- Data
• • • •
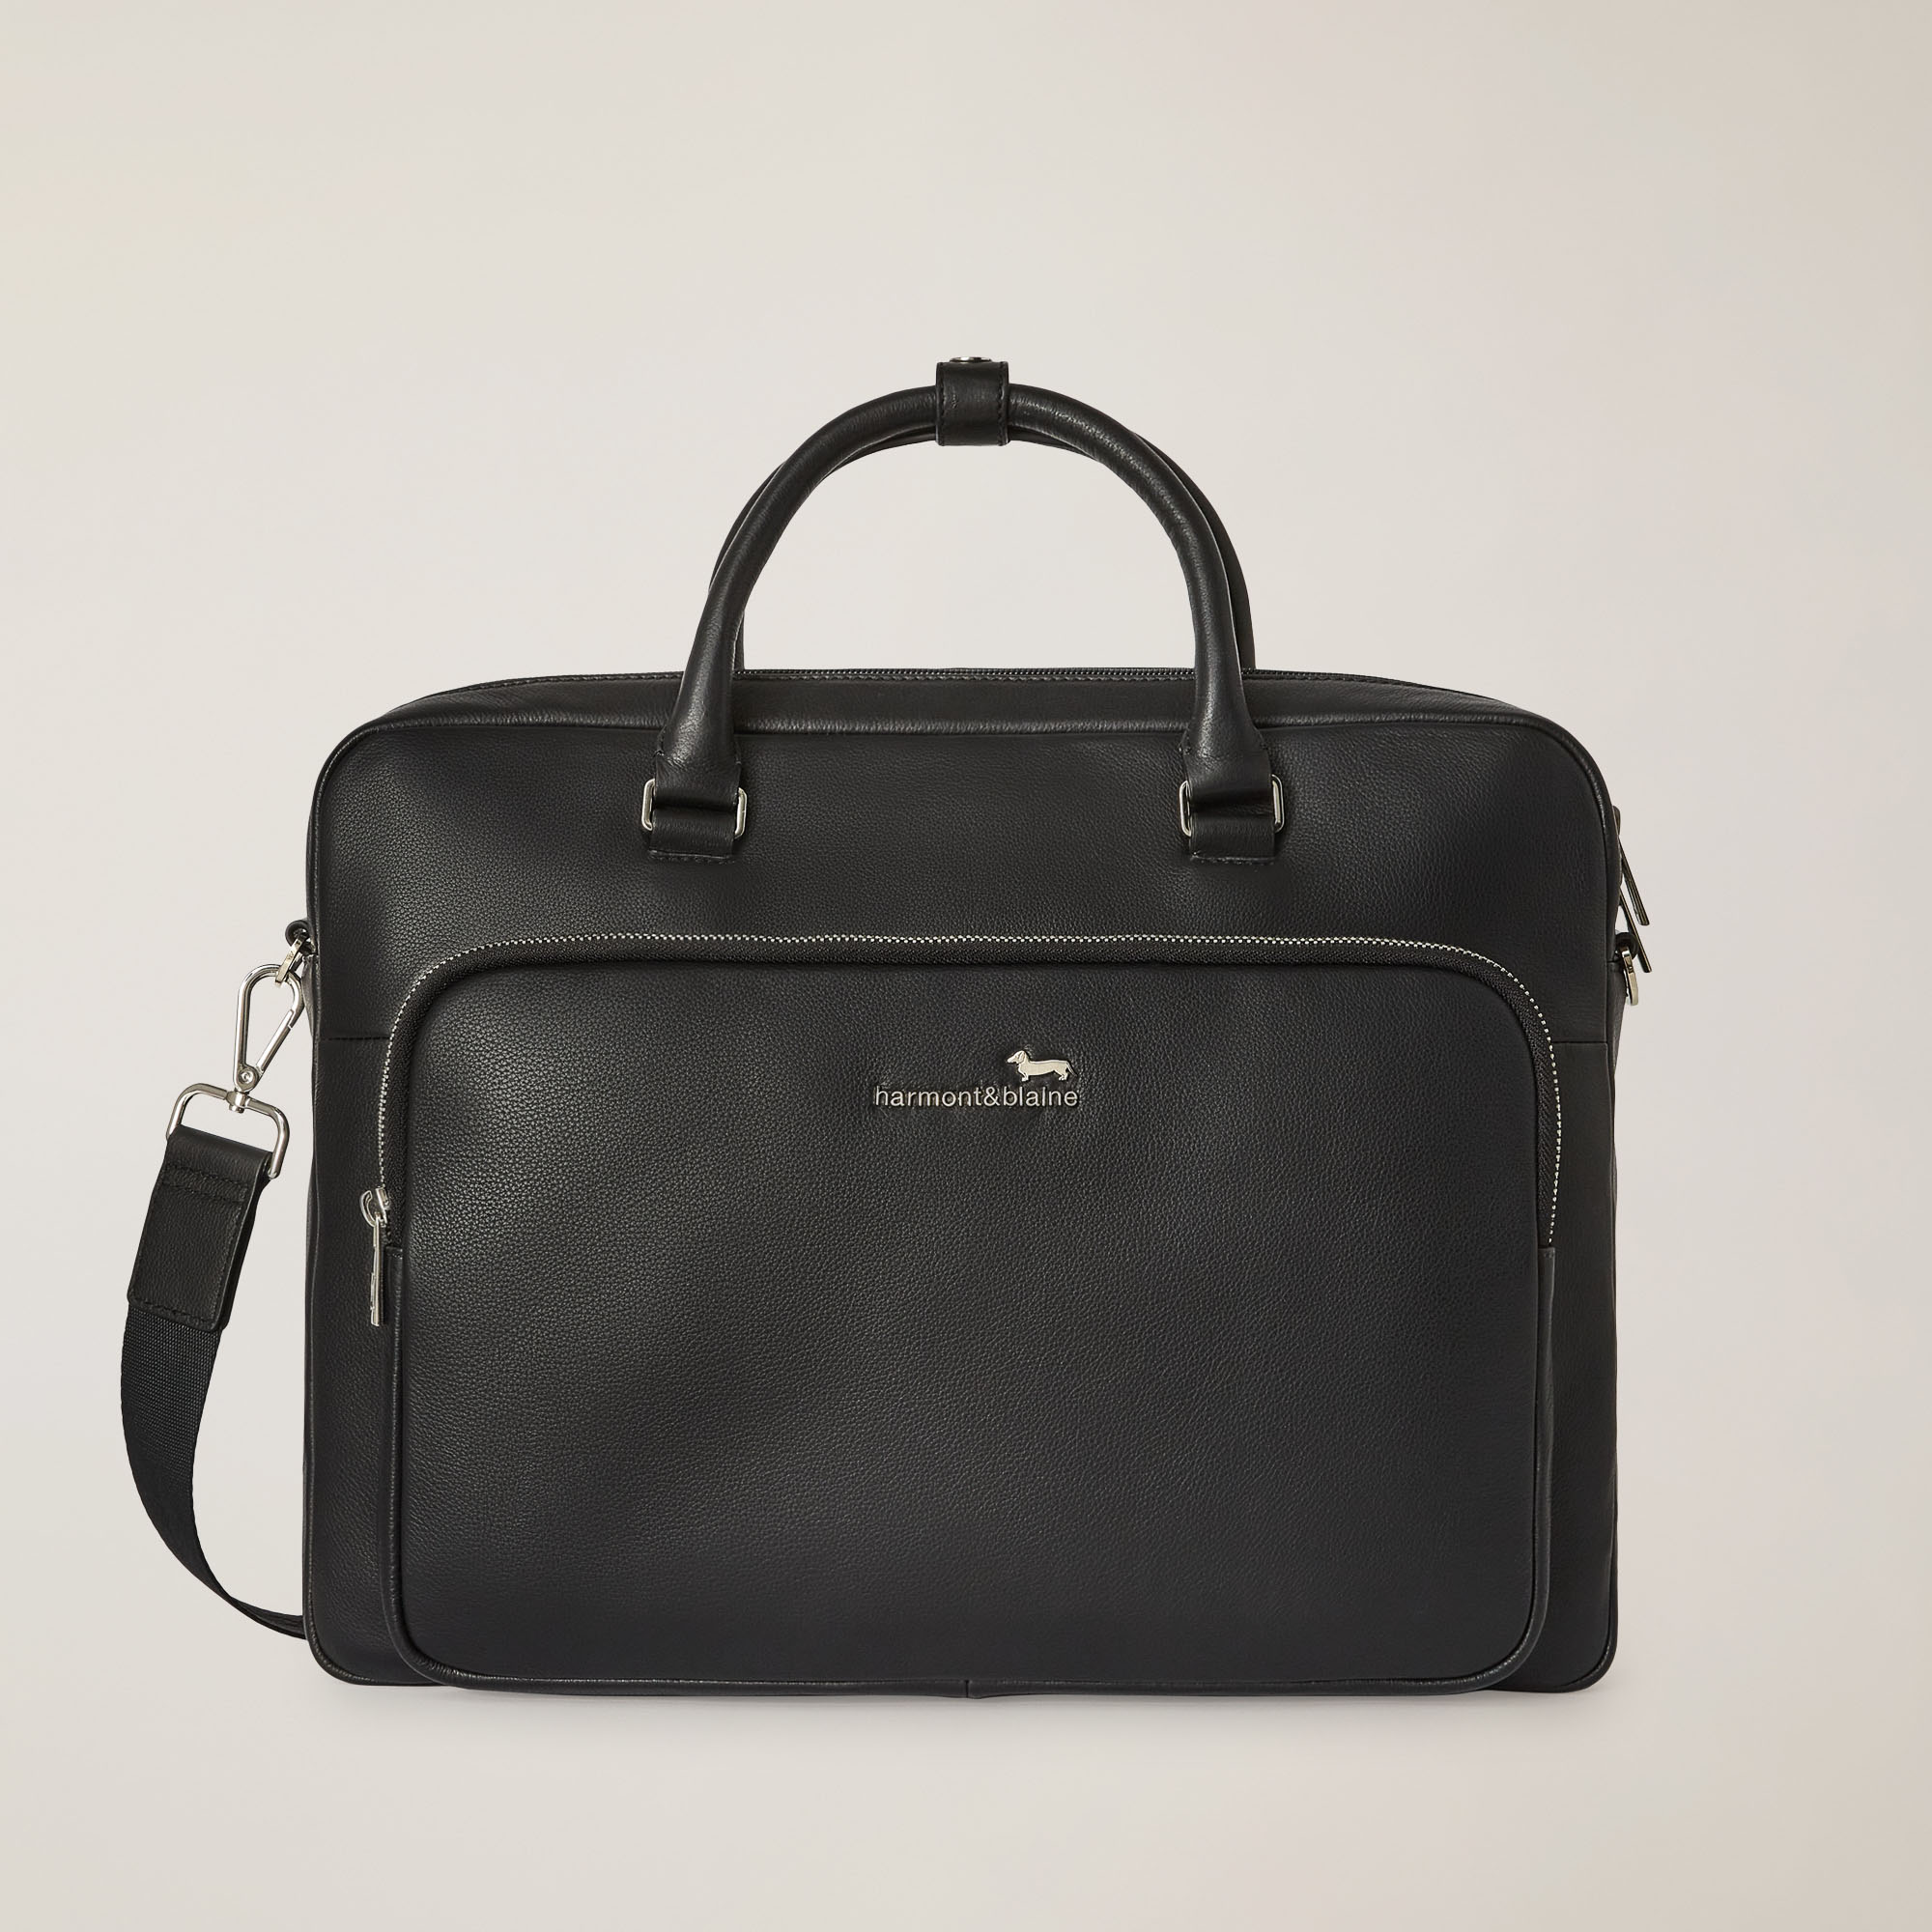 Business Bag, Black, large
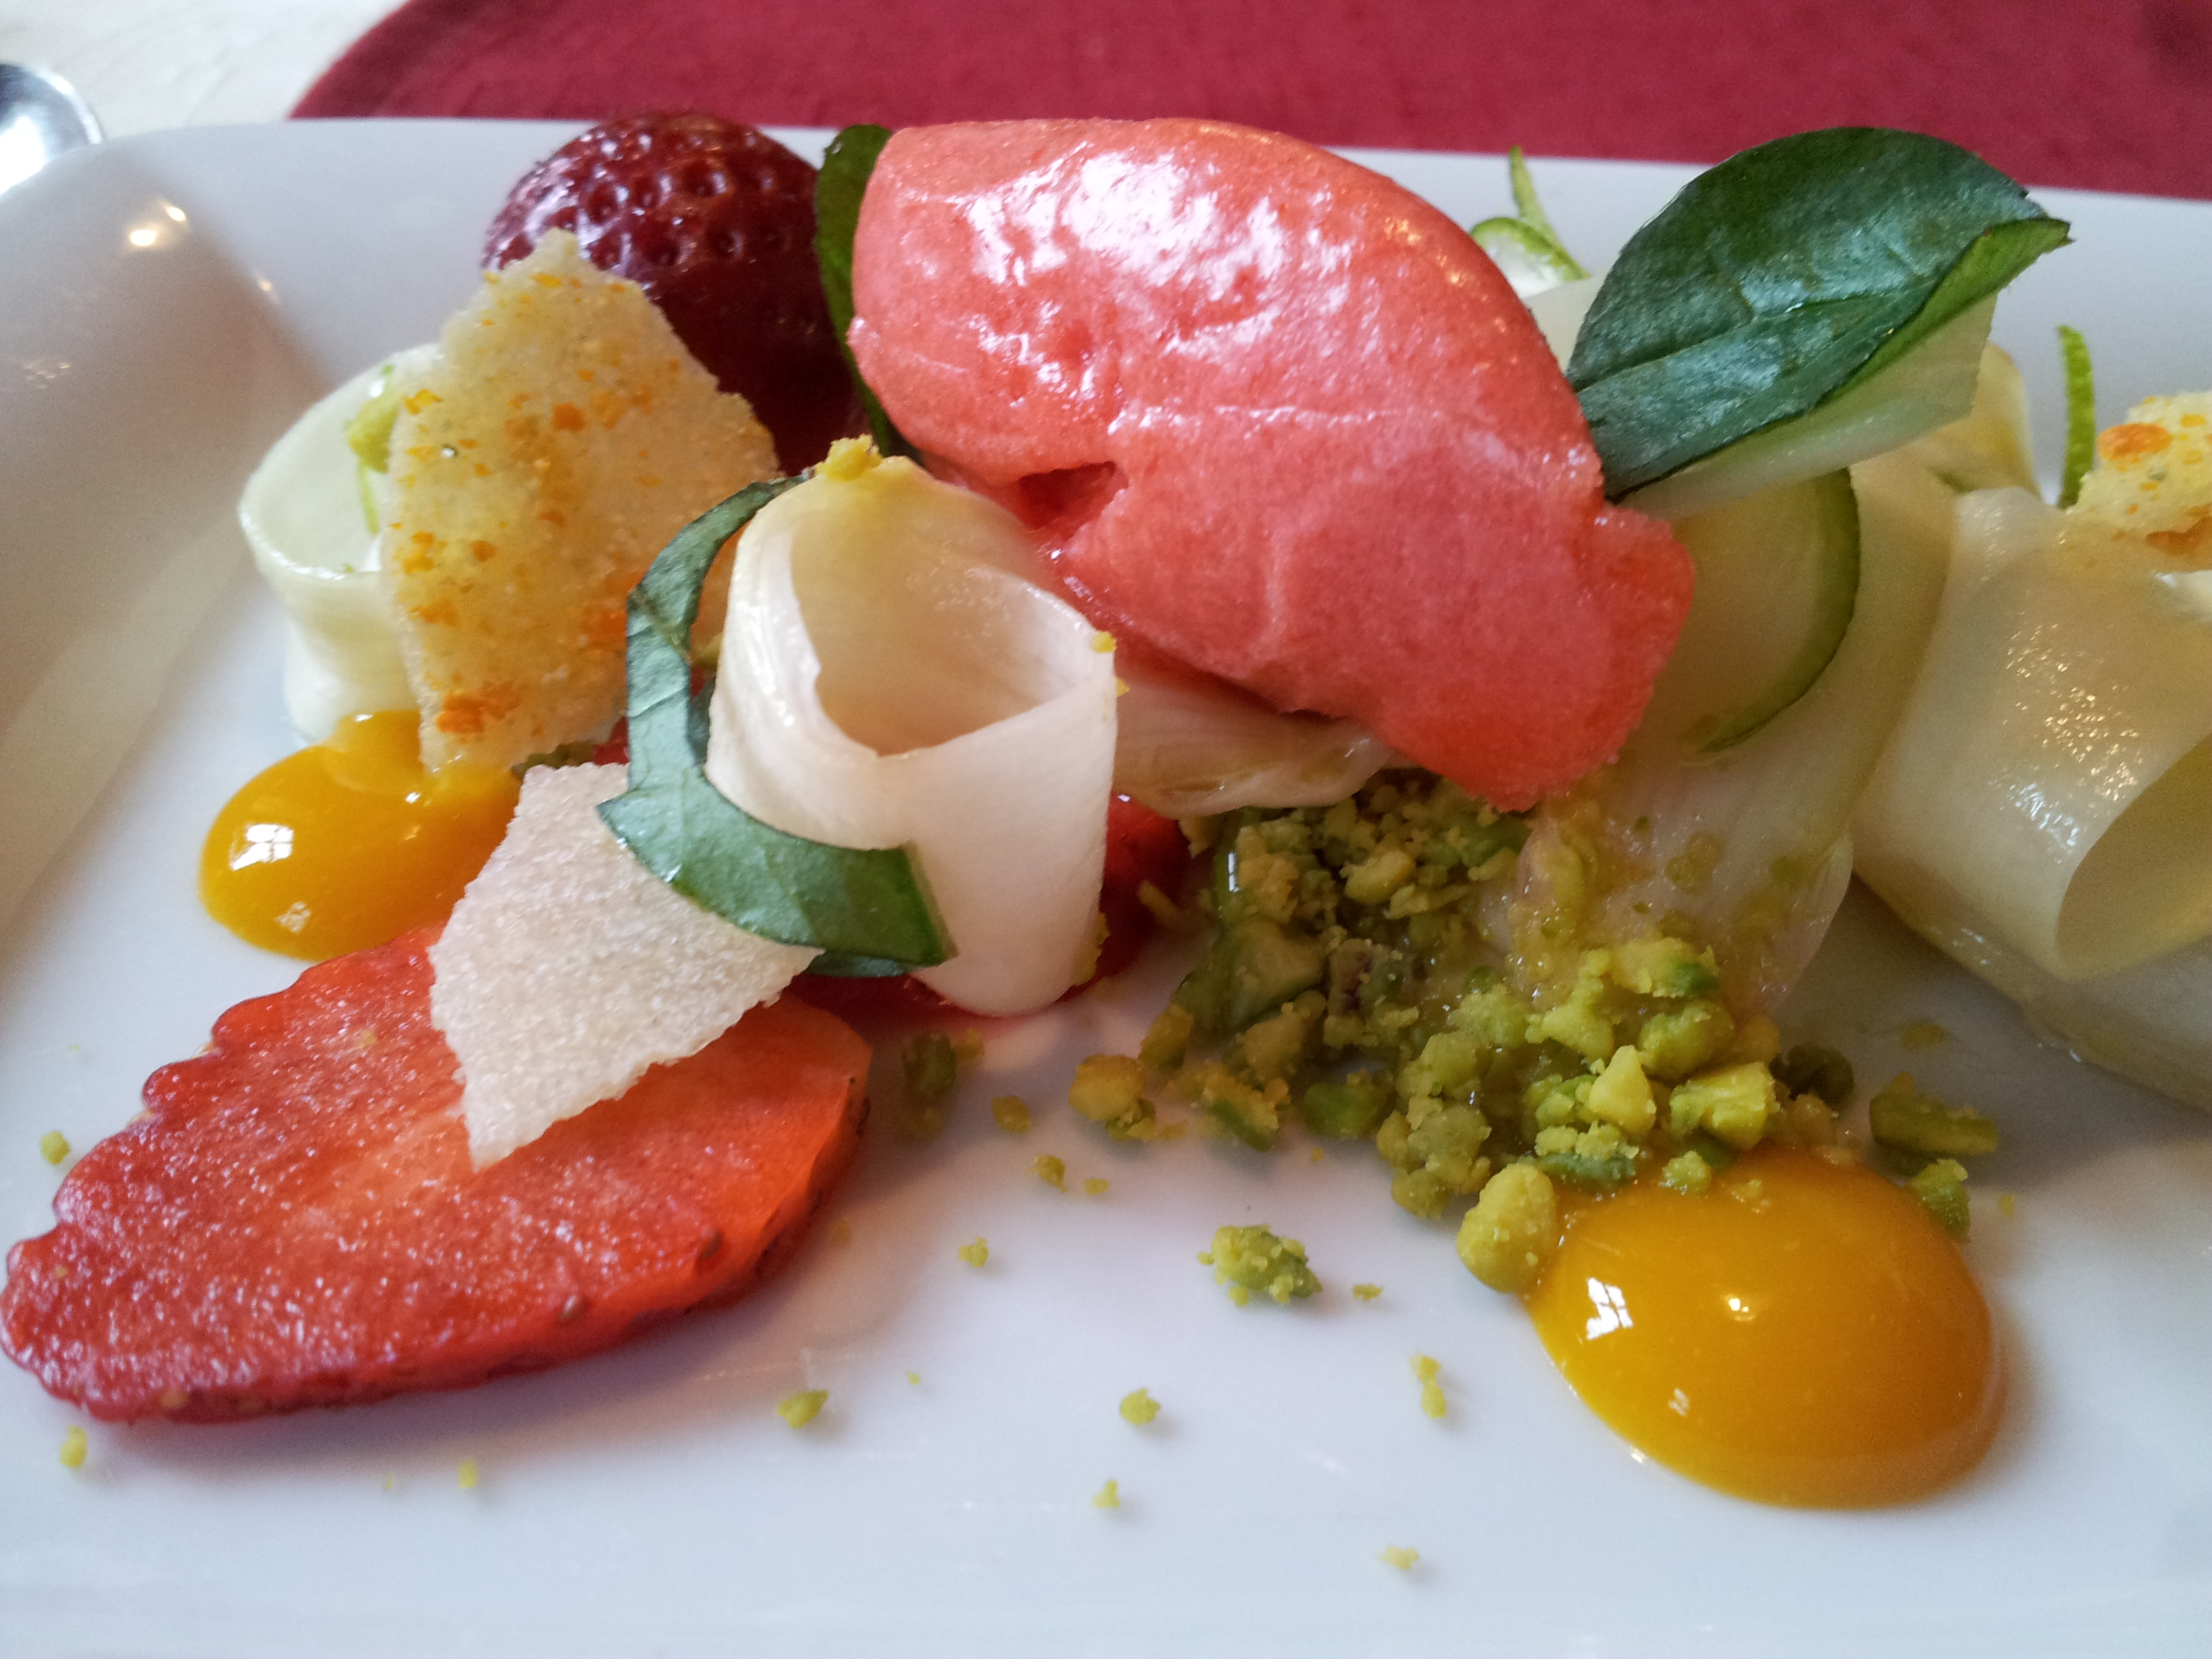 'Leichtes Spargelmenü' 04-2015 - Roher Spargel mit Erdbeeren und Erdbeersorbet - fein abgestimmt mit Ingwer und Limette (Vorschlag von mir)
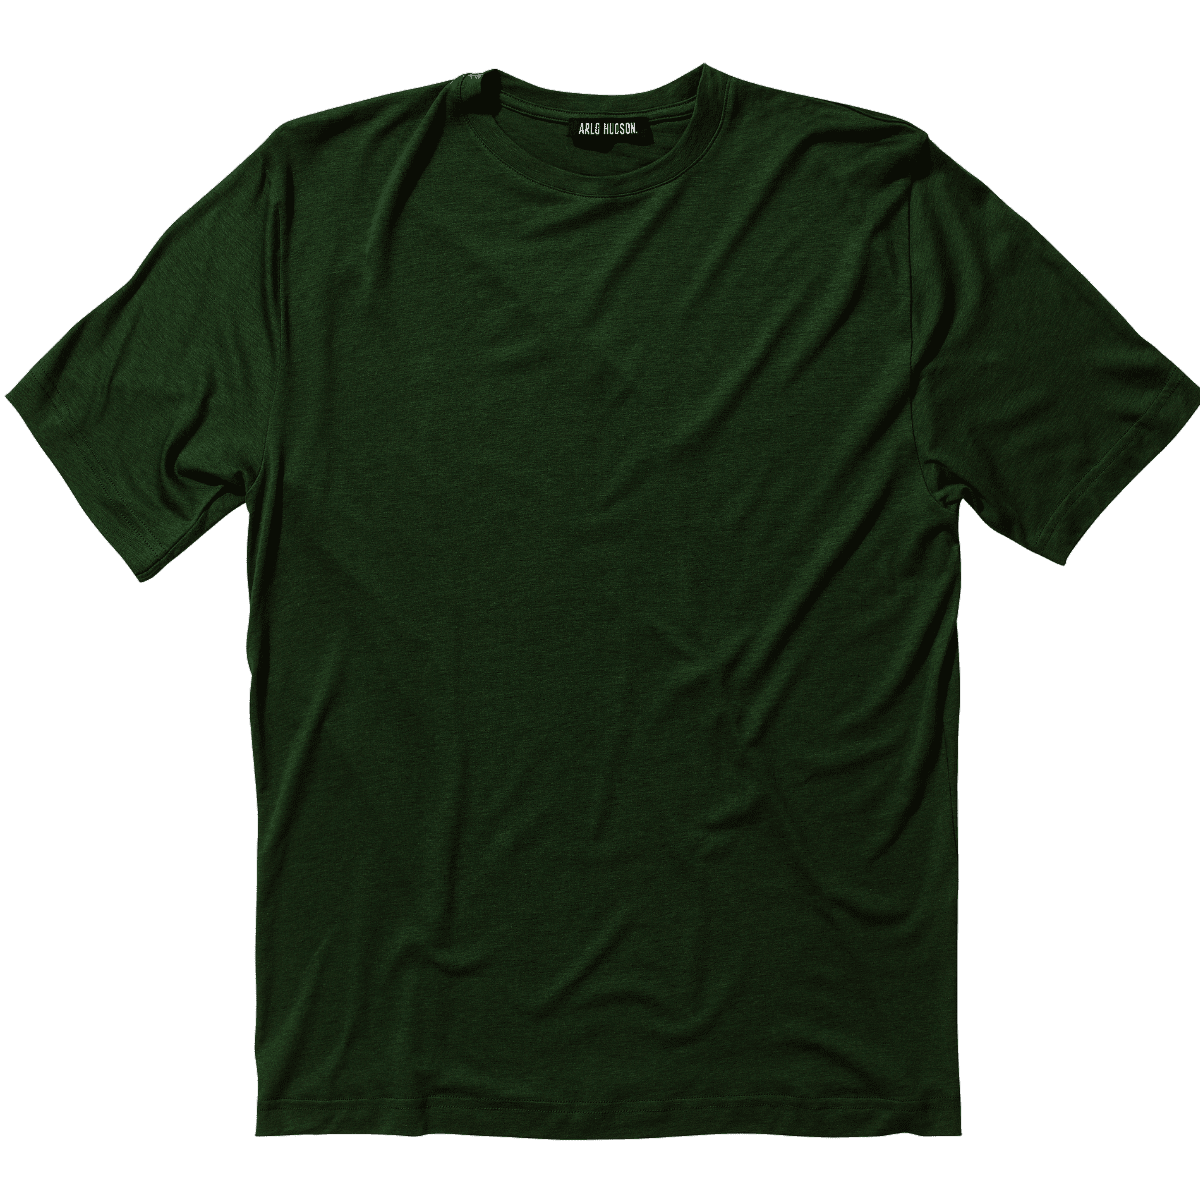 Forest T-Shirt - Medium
• • • •
Only the lines from the one with "(Vorschlag von mir)" through the last line of the listing belong in your answer; copy them exactly and skip the pictures.

 'Leichtes Spargelmenü' 04-2015 - Roher Spargel mit Erdbeeren und Erdbeersorbet - fein abgestimmt mit Ingwer und Limette (Vorschlag von mir)
 Forest T-Shirt - Medium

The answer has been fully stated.